In 2015, the General Assembly of the United Nations endorsed the Sustainable Development Goals, a list of seventeen ambitious targets for the world, to be reached by the year 2030. At the top of the list, which was signed by 193 countries including the United States, is ending extreme poverty. Other goals include eliminating hunger, radically improving human health, and reducing inequality and discrimination.

To some, these goals may sound quixotic, hyperbolic, unachievable. Really, in just a decade or so we’re going to eradicate several diseases and end extreme poverty? These are, after all, challenges human beings have faced since the advent of our species. If we follow the approach of the traditional aid industry, the cynics may well be right. Just writing bigger checks for larger aid projects won’t yield the kind of results humans have been waiting millennia to achieve. Even so, the new aid industry has largely taken these goals to heart and is working to eradicate specific diseases, dramatically improve nutrition, transform education and healthcare systems, and make extreme poverty a thing of the past. Could we possibly achieve these goals?

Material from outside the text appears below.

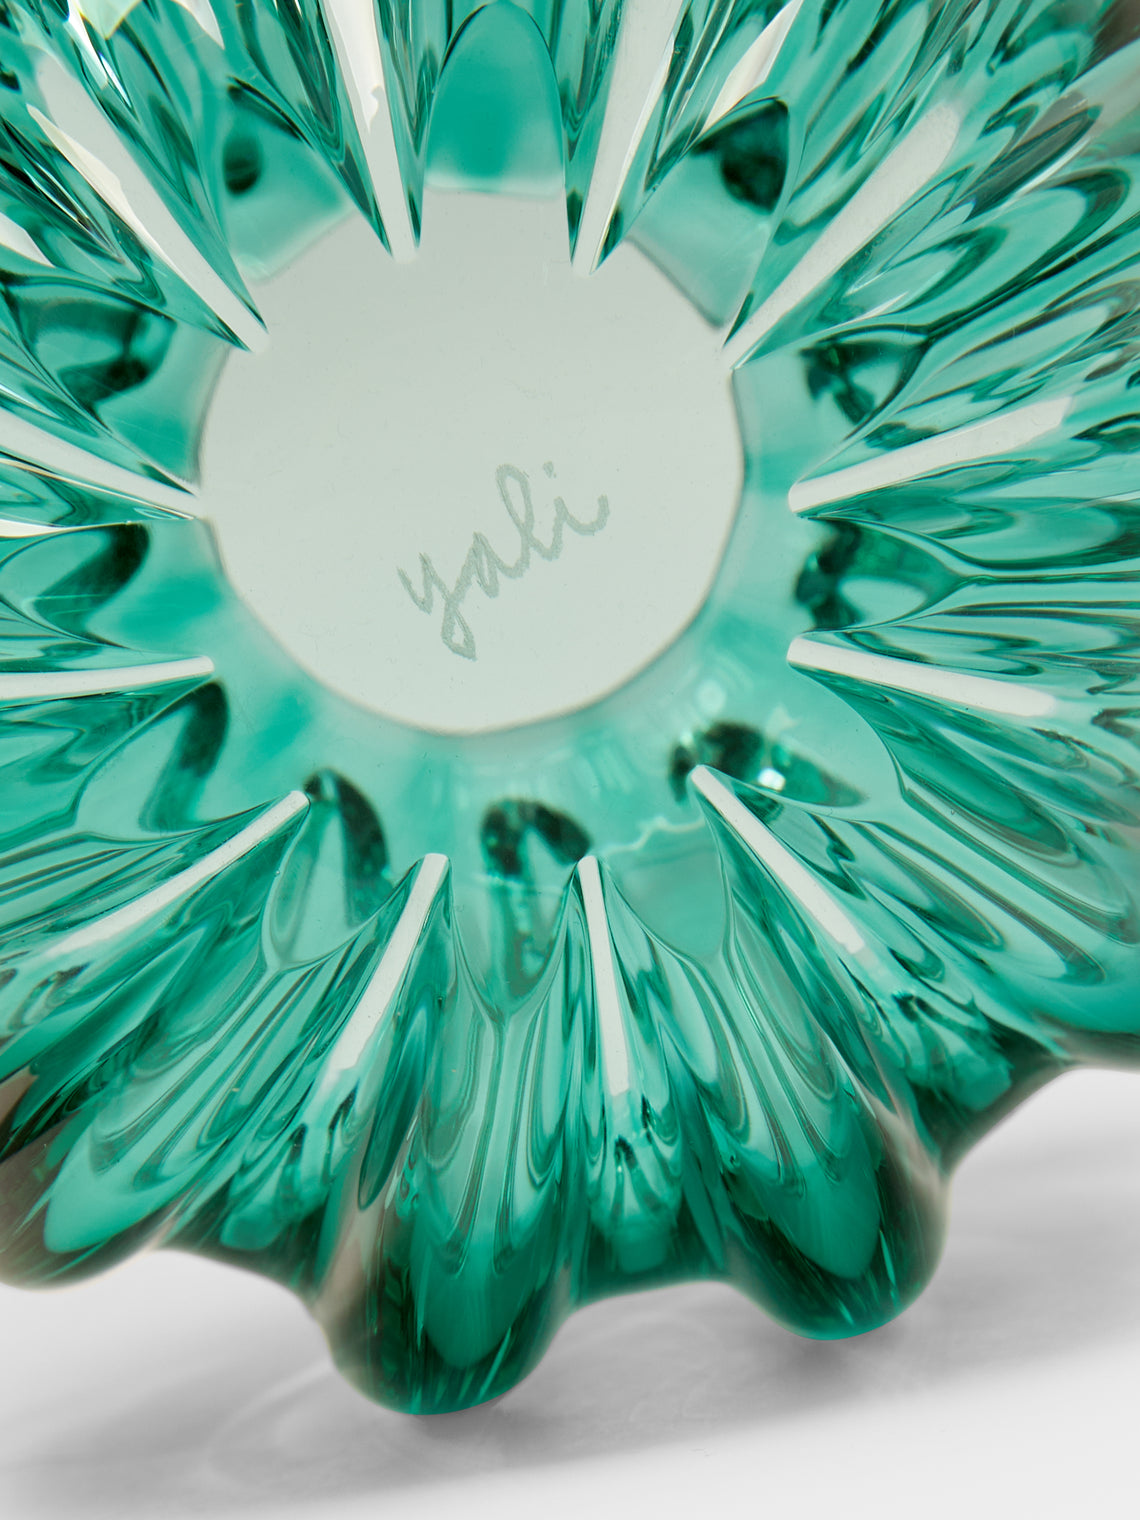 Yali Glass - Fiori Uovo Hand-Blown Murano Glass Bud Vase -  - ABASK

Consider the powerful new technologies and the tremendous wealth created in our time. Entire industries are being transformed before our eyes in what the World Economic Forum has termed the Fourth Industrial Revolution. Even the way we live day-to-day is changing. The aspiration to drive your own car is diminishing in favor of the convenience of on-demand transportation, which explains why Uber and Tesla are each worth as much as General Motors. More than half of all Americans now get their news from Facebook, a new reality with concerning implications. And something as basic as going to the store is changing as e-commerce infiltrates everyday life. Amazon, with a market capitalization above a trillion dollars, is now more valuable than the next twenty-one American retailers combined, including such massive companies as Walmart, Target, Home Depot, and Costco.

Ready or not, a similarly radical transformation is coming to the aid industry. As I will detail in this book, there’s a tidal wave of new actors shaking up the way aid work is done.

Jaha Dukureh ultimately was forced to cross the ocean and marry at fifteen. But she escaped and argued her way into a New York City public high school, even without a parent to consent. Later she settled in Georgia, where she got a college degree, remarried, started a family, and founded a small nongovernmental organization (NGO) called Safe Hands for Girls. It’s not exactly well-resourced or well-known. In one example she shared with me, Dukureh went back to the Gambia and borrowed a car. She drove around the country, attending all of the Gambian president’s speeches and appearances until finally he agreed to meet with her. In 2015, her campaigning led the president to outlaw FGM.

How quickly the aid industry transforms and whether it leads to achieving the global goals will be up to grassroots leaders like Dukureh. It will also be up to aid industry professionals, voters and taxpayers who fund foreign aid, ordinary givers and billionaire philanthropists, corporate and nonprofit leaders, and, ultimately, all people affected by global poverty, pandemics, climate change, and human rights infringements. In other words, it’s going to be up to you.